How to view attributes of a dendrogram

Asked (http://stackoverflow.com/questions/26240200/how-to-access-attributes-of-a-dendrogram-in-r)[here], and (http://stackoverflow.com/questions/25664911/r-hclust-height-of-final-merge)[here].

It generally depends on which attribute we want to view, for “midpoint” (or height) use the get_nodes_attr function, with the “midpoint” parameter.

# install.packages("dendextend")
library(dendextend)

dend <- as.dendrogram(hclust(dist(USArrests[1:5,])))
# Like: 
# dend <- USArrests[1:5,] %>% dist %>% hclust %>% as.dendrogram

# midpoint for all nodes
get_nodes_attr(dend, "midpoint")
## [1] 1.25   NA 1.50 0.50   NA   NA 0.50   NA   NA
# Maybe also the height:
get_nodes_attr(dend, "height")
## [1] 108.85   0.00  63.01  23.19   0.00   0.00  37.18   0.00   0.00

To also change an attribute, you can use the various assign functions from the package: assign_values_to_leaves_nodePar, assign_values_to_leaves_edgePar, assign_values_to_nodes_nodePar, assign_values_to_branches_edgePar, remove_branches_edgePar, remove_nodes_nodePar

How to color the branches in heatmap.2?

Asked (http://stackoverflow.com/questions/29265536/how-to-color-the-branches-and-tick-labels-in-the-heatmap-2?)[here].

Solution: use the color_branches function (or the set function, with the “branches_k_color”, “k”, and “value” parameters ).

(Getting the data for this example is from the (http://stackoverflow.com/questions/29265536/how-to-color-the-branches-and-tick-labels-in-the-heatmap-2?)[original SO question])

test <- test0
rnames <- test[,1] 
test <- data.matrix(test[,2:ncol(test)]) # to matrix
rownames(test) <- rnames                 
test <- scale(test, center=T, scale=T) # data standarization
test <- t(test) # transpose


## Creating a color palette & color breaks

my_palette <- colorRampPalette(c("forestgreen", "yellow", "red"))(n = 299)

col_breaks = c(seq(-1,-0.5,length=100),  # forestgreen
               seq(-0.5,0.5,length=100), # yellow
               seq(0.5,1,length=100))    # red

# distance & hierarchical clustering
distance = dist(test, method ="euclidean")    
hcluster = hclust(distance, method ="ward.D")


dend1 <- as.dendrogram(hcluster)

# Get the dendextend package
if(!require(dendextend)) install.packages("dendextend")
library(dendextend)
# get some colors
cols_branches <- c("darkred", "forestgreen", "orange", "blue")
# Set the colors of 4 branches
dend1 <- color_branches(dend1, k = 4, col = cols_branches)
# or with:
# dend1 <- set(dend1, "branches_k_color", k = 4, value = cols_branches)

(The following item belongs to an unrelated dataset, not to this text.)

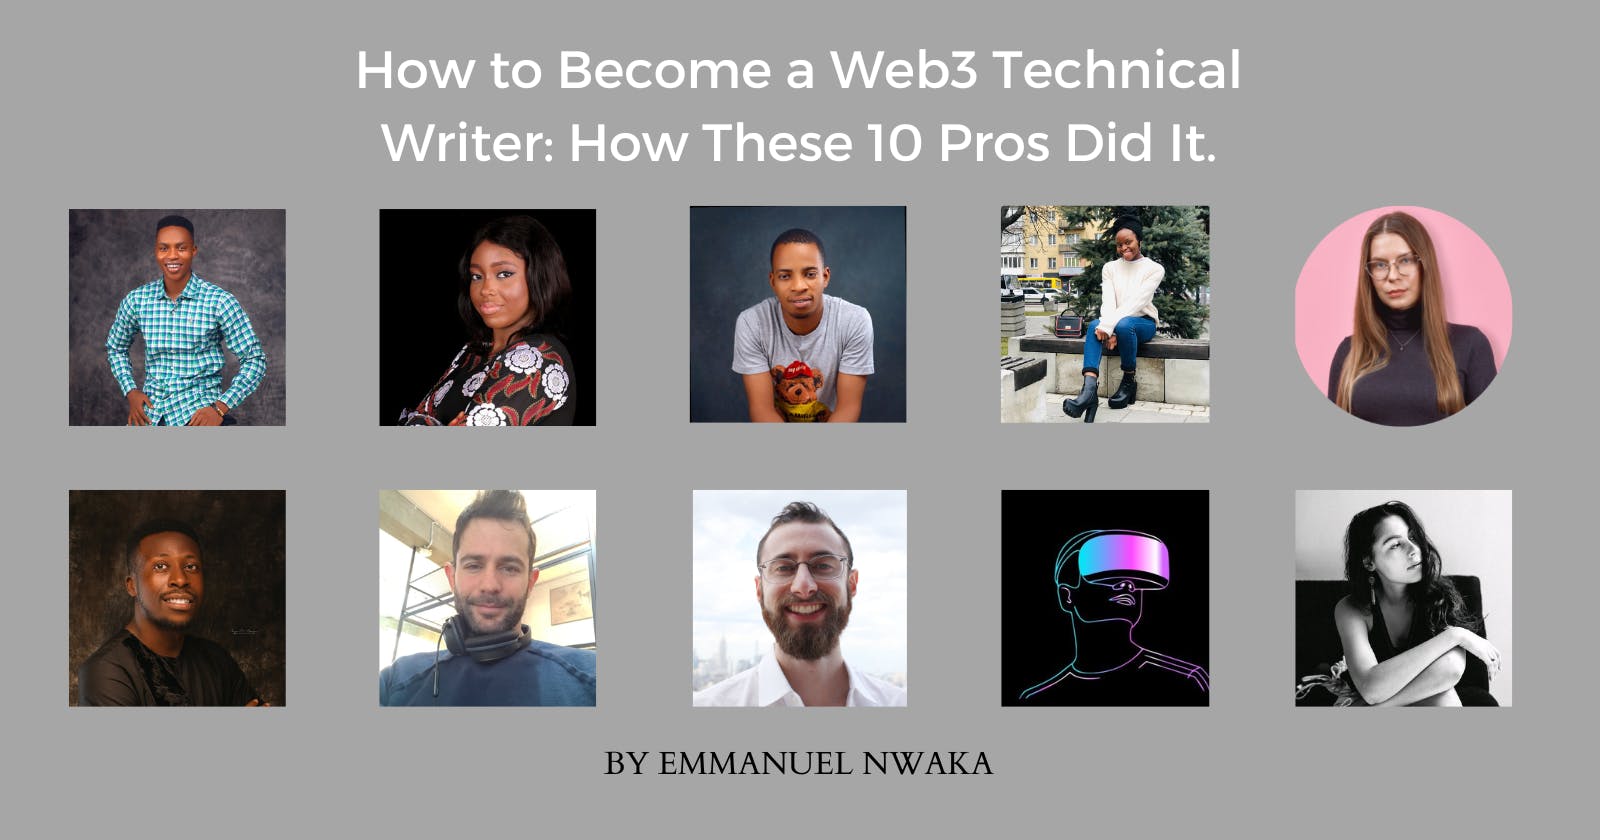 How to Become a Web3 Technical Writer: How These 10 Pros Did It.

# get the colors of the tips of the dendrogram:
# col_labels <- cols_branches[cutree(dend1, k = 4)] # this may need tweaking in various cases - the following is a more general solution.

col_labels <- get_leaves_branches_col(dend1)
# But due to the way heatmap.2 works - we need to fix it to be in the 
# order of the data!   
col_labels <- col_labels[order(order.dendrogram(dend1))]

dend1
# plot(dend1)
# a <- heights_per_k.dendrogram(dend1)
# library(dendextendRcpp)
# a2 <- heights_per_k.dendrogram(dend1)
# nleaves(dend1)


# Creating Heat Map
# if(!require(gplots)) install.packages("gplots")
library(gplots)
heatmap.2(test,  
    main = paste( "test"),  
        trace="none",          
        margins =c(5,7),      
        col=my_palette,        
        breaks=col_breaks,     
        dendrogram="row",      
        Rowv = dend1,  
        Colv = "NA", 
        key.xlab = "Concentration (index)",
        cexRow =0.6,
        cexCol = 0.8,
        na.rm = TRUE,
        RowSideColors = col_labels # to add nice colored strips     
      # colRow = col_labels # to add nice colored labels - only for qplots 2.17.0 and higher
        ) 

For package developers - how to call imported calls from dendextend 0.18.3?

If you are developing a package and you wish to use dendextend as an imported package, that is - without loading it to the search path, you should run:

dendextend::assign_dendextend_options()
# This populates the dendextend::dendextend_options() space

Before using any of its function (for example: dendextend::color_branches ). As of dendextend version 1.0.0, this is no longer required.